U.S. must prod Iraqi process

? In order to stop running Iraq, the United States needs to hand over power to a legitimate Iraqi government.

But guess what? The Iraqi political process is at a standstill. And it shows little sign of moving forward anytime soon.

U.S. occupation czar Paul Bremer hoped Iraqis could write a constitution by mid- to late 2004 and hold national elections soon after. The interim Iraqi Governing Council (GC) displays little interest in cooperating with that schedule.

The GC’s paralysis is not only bad for George Bush’s election campaign but also a disaster for Iraqis. They need to see a timeline for the end of occupation. This would undercut the widespread belief that Americans are encouraging chaos as an excuse to stay and control Iraqi oil.

Instead, GC members have been globetrotting and avoiding difficult political decisions. In my three weeks in Iraq, only five to seven of 25 members showed up at weekly meetings.

As the GC’s reputation plummets, the frustration of those who care about Iraq’s future is evident.

“Everything is waiting on the constitution, including stability and the end of occupation,” says Fuad Masoum, the Kurdish jurist heading the preparatory committee for the constitutional assembly. “These trips abroad are not more important than this.”

Yet it’s not surprising that the council is frozen. To move the constitutional process, the council will have to make compromises as daunting as those made by our Founding Fathers, in circumstances much more grim.

For starters, the council must decide whether a constitutional assembly will be chosen by selection or nationwide election.

Keep in mind that this is a country traumatized by years of dictatorship. Its people are deeply suspicious of U.S. intentions. The top Shiite religious leader, Ayatollah Ali Sistani, has issued a fatwa demanding the delegates be elected. One explanation of why he did so reveals the emotions aroused by occupation.

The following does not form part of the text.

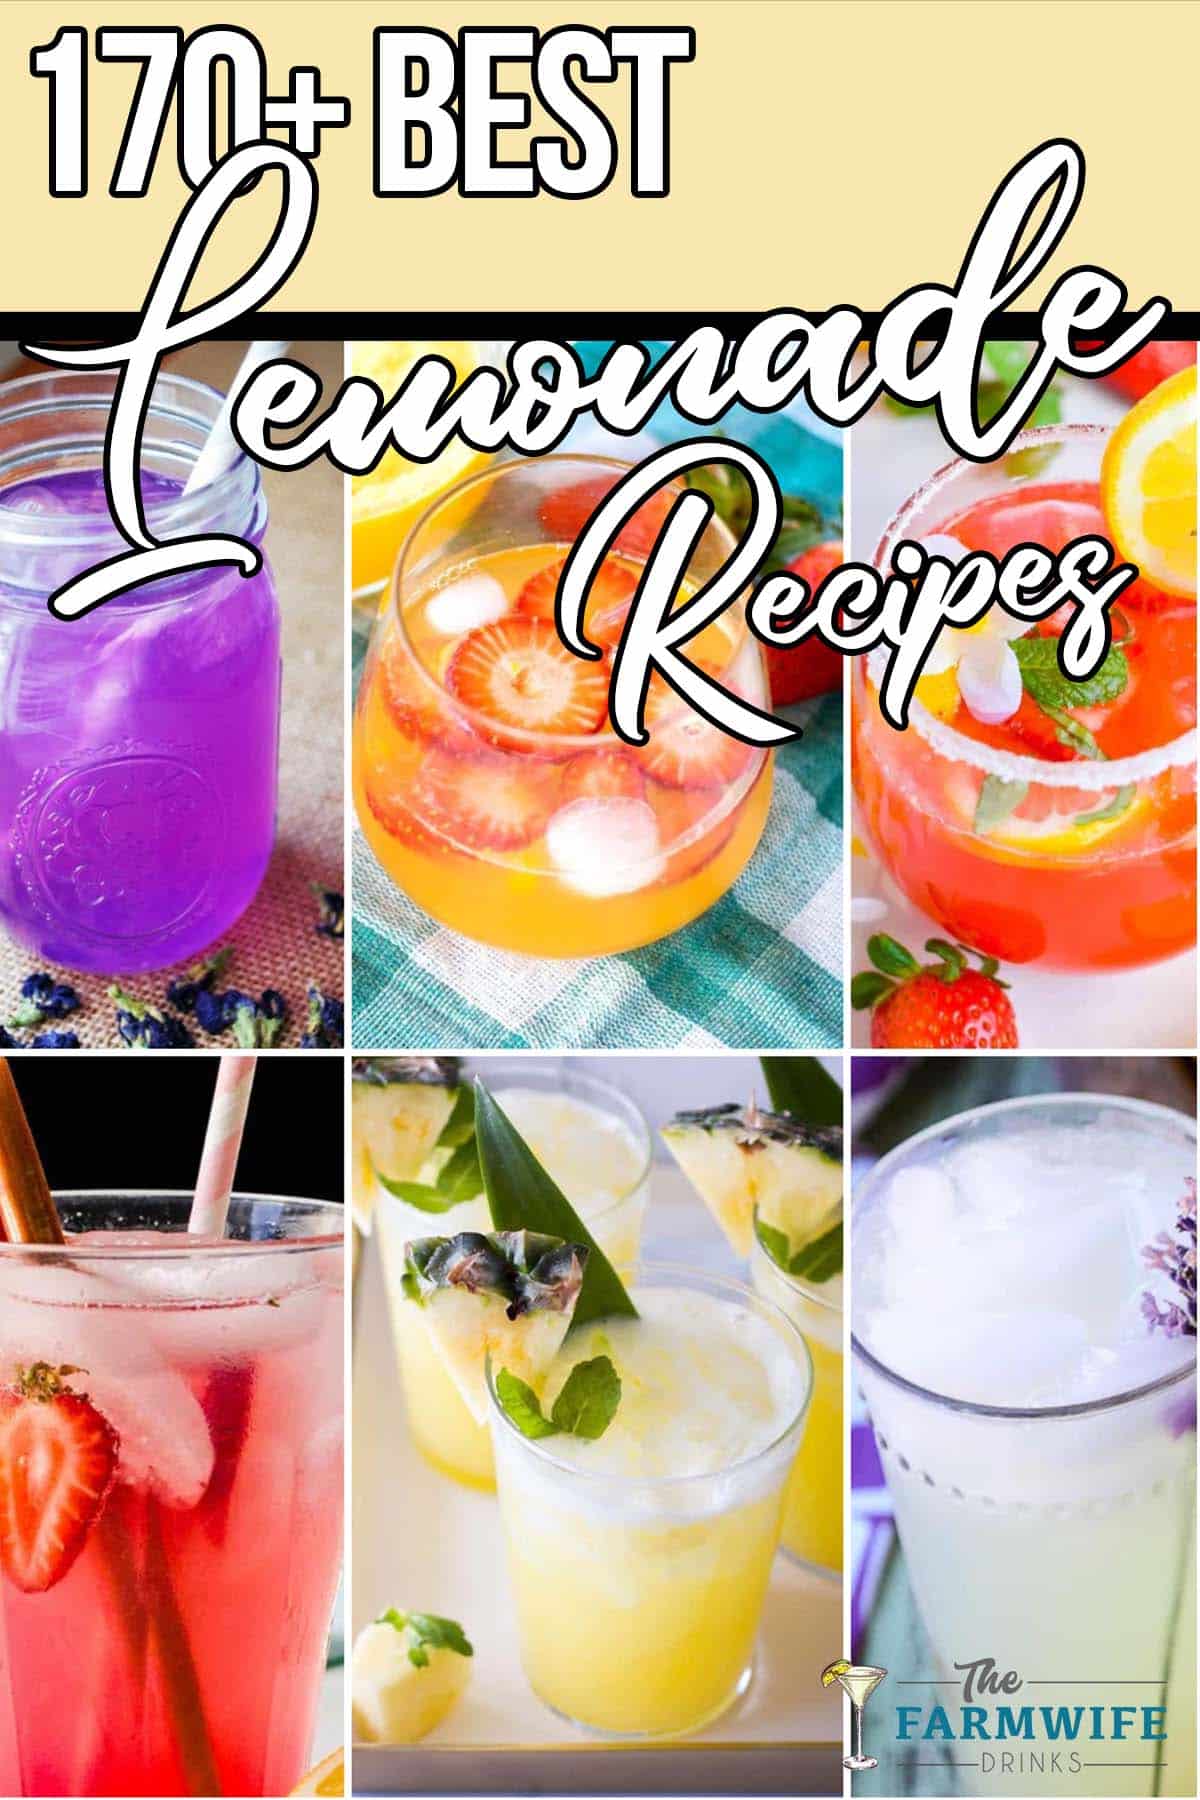 photo collage of lemonade variations with text which reads 170+ best lemonade recipes

“In 1922, British specialists wrote the constitution for Iraq and there was fear this kind of thing might happen again,” Masoum told me. “There was a rumor that an American Jewish consultant had been sent here to write the constitution, so Sistani made this fatwa.” The reference was to New York University Law School professor Noah Feldman, who briefly advised Bremer on constitutional issues.

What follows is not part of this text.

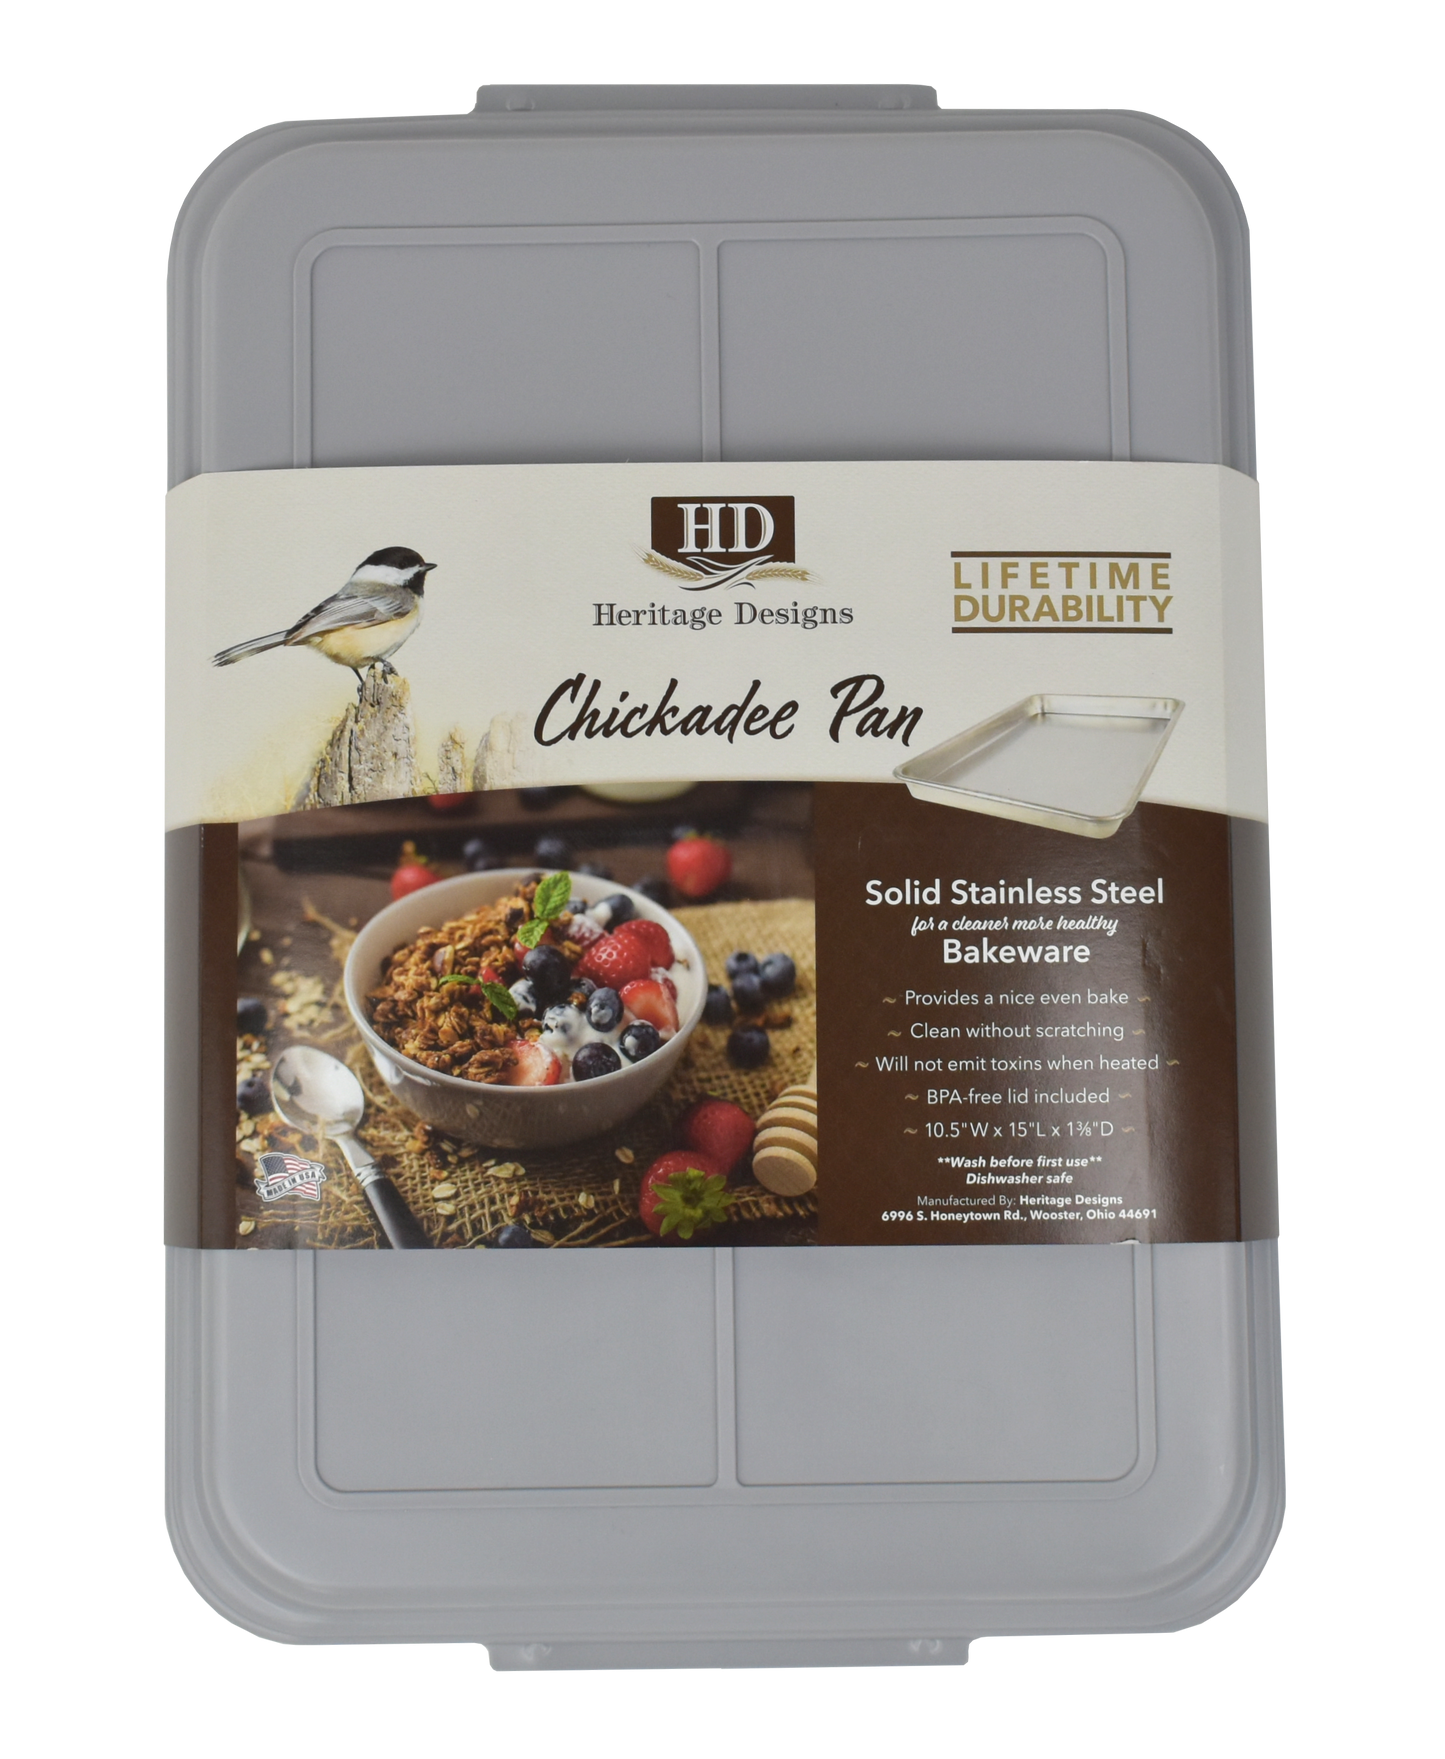 Chickadee Baking Pan - Solid Stainless-Steel

In fact, elections make sense for more rational reasons. They are probably the only way to ensure that the constitutional process has legitimacy. But the idea gives many council members the jitters. Kurds and Sunnis (and U.S. officials) fear elections will give religious Shiite Muslims the edge in drafting the document.

There is also the worry that organizing elections would be so time-consuming that the whole constitutional process would be delayed. A census would be needed to set up electoral rolls — an explosive undertaking in a country where each ethnic group claims to represent more people than is the case.

“It’s a doomed scenario to call for full elections for a constitutional assembly,” says Muhyi al-Khateeb, the hardworking secretary-general of the GC. “Who can afford to spend another two years in this mess? The Iraqi people need to see something in their hands.”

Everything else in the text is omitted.